## ABOUT THIS EXERCISE
In the listing below, a line holding "Phillips Flat Head" and a line holding "See our Bears vs Jets picks and odds" mark the range. Retype both exactly, with all lines between them.

## DATA UNDER STUDY
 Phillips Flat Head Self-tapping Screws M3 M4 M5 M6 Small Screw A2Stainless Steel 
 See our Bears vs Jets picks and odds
...
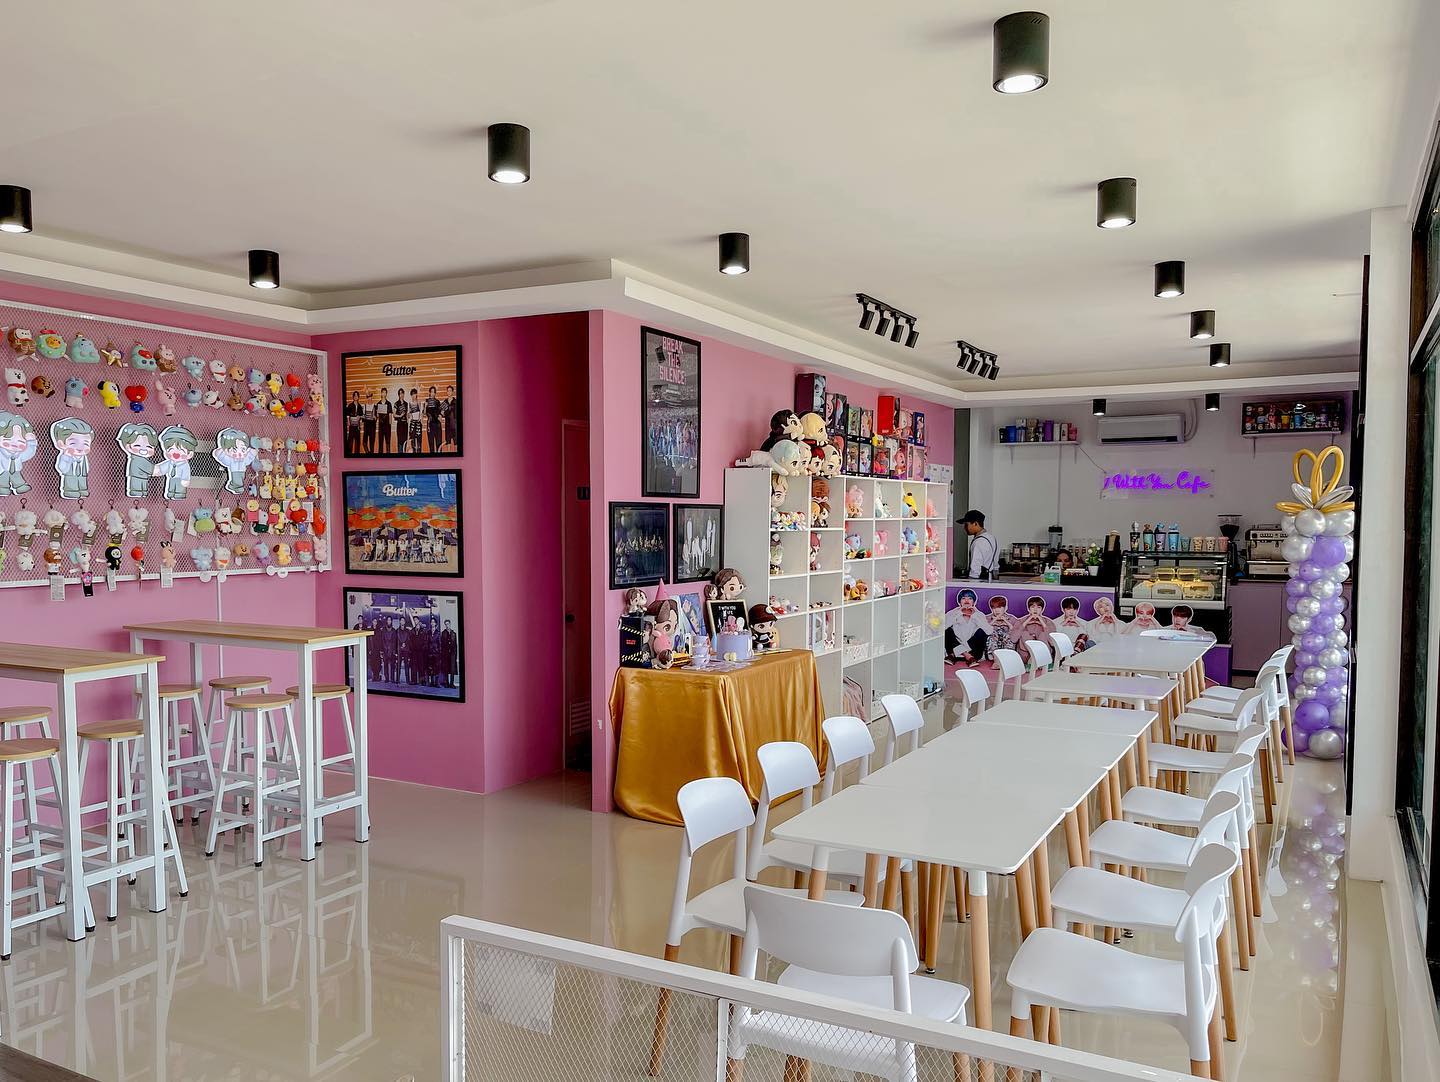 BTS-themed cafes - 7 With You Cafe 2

## ANSWER
 Phillips Flat Head Self-tapping Screws M3 M4 M5 M6 Small Screw A2Stainless Steel 
 See our Bears vs Jets picks and odds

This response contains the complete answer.